If wages continue to rise, it may result in some unintended adverse consequences for employers. Competition for talent is good for workers but makes it difficult for HR to find and keep workers and to control costs, Levanon said. "Wage growth is hitting the bottom line of many companies. Corporate profits in the U.S. peaked in late 2014." A higher quits rate and labor turnover is also hurting employers, he added.

"Another thing to keep in mind is that the era of the merit increase is slowly coming to an end, and you won't see across-the-board salary bumps very often in the future," Coombs said. "Many employers now use a total rewards approach to compensation, and they leverage their health care, retirement and flex work benefits as a means of recruiting and retaining top talent. Employers are also using one-time bonuses and variable pay offerings as a means of filling out workers' paychecks, rather than having the fixed cost of a merit increase on the books every year. And to some workers, flexibility and related benefits are more valuable than a salary that's at the top of the pay scale."

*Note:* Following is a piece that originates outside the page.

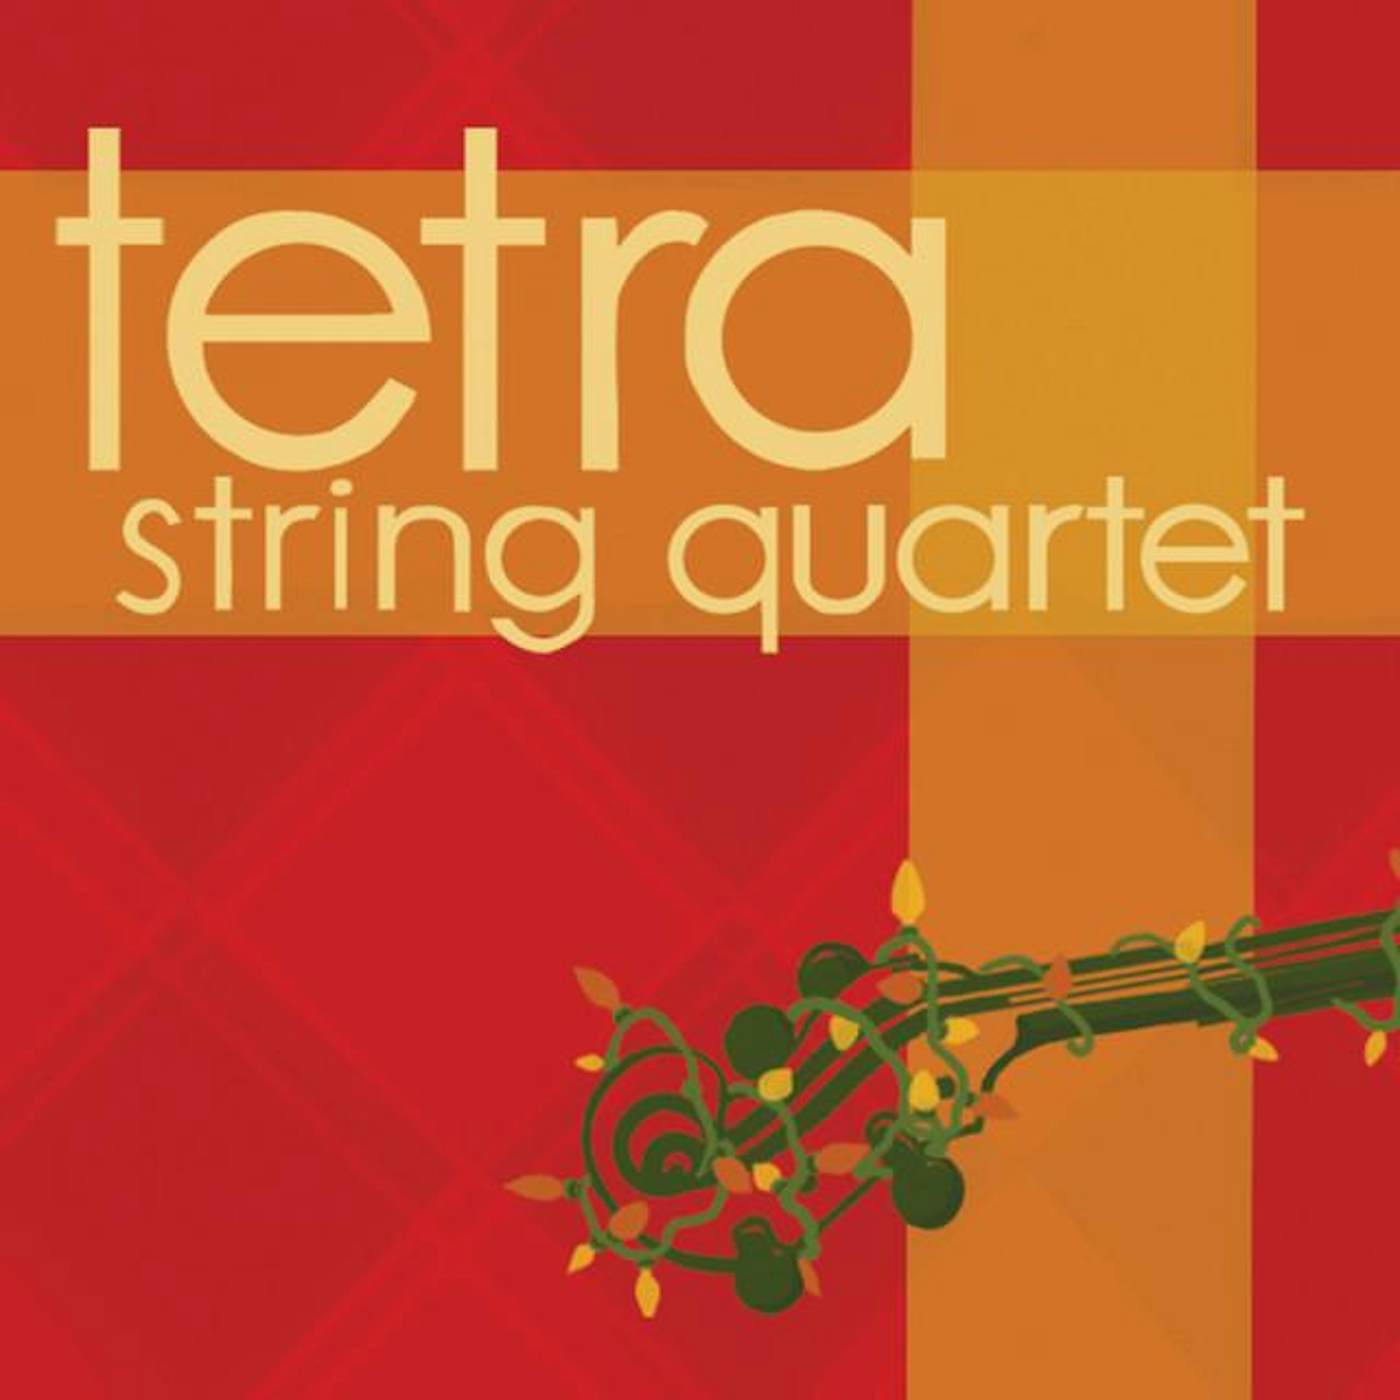 Tetra String Quartet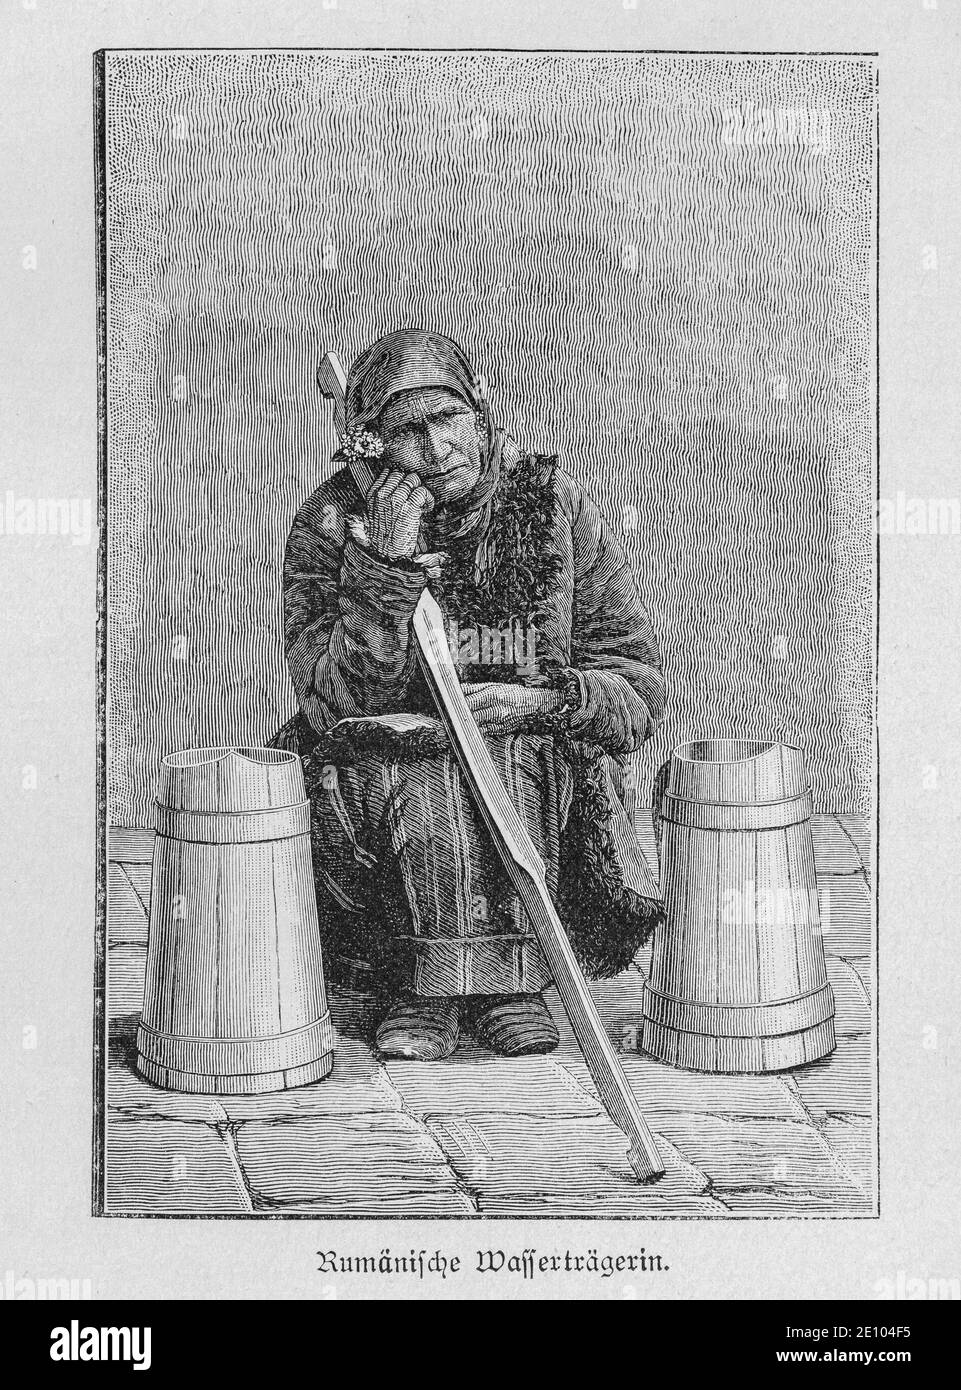 'Rumänische Wasserträgerin', vieille femme roumaine qui la gagne en vie comme transporteur d'eau, Bucarest, Roumanie, 'Die Hauptstädte der Welt', vers 1897 Banque D'Images

The hard question for HR when planning compensation is always "What is the right number?" Glaser said. "How quickly will ROI [return on investment] be seen from wage increases? In order for a business owner to make that decision, predictive analytics will be key. I think as 'big data' gets stronger, we will continue to see more talent acquisition professionals making the business case for wage increases."

Strong Growth Predicted

Economists predict that average wages will increase in 2017 at a faster rate.

"Barring any serious economic disruption, right now the most likely scenario appears to be a continued gradual rise in wages, as the labor market continues to tighten but overall inflation remains tame," Wright said.

Levanon puts growth at 3.5 percent, adding that wages are lagging indicators and have not fully reacted to the 2016 labor market.

"I think we've hit the time in the employment cycle when demand for workers outstrips supply," Challenger said. "The incoming Trump administration with its emphasis on fiscal stimulus and cutting taxes is going to spur the economy on in a period of already low unemployment."

Workers in fields that are in the highest demand—engineering, high tech, nursing—will likely benefit in 2017 from stronger increases in base pay than that experienced by the labor force overall, Coombs said.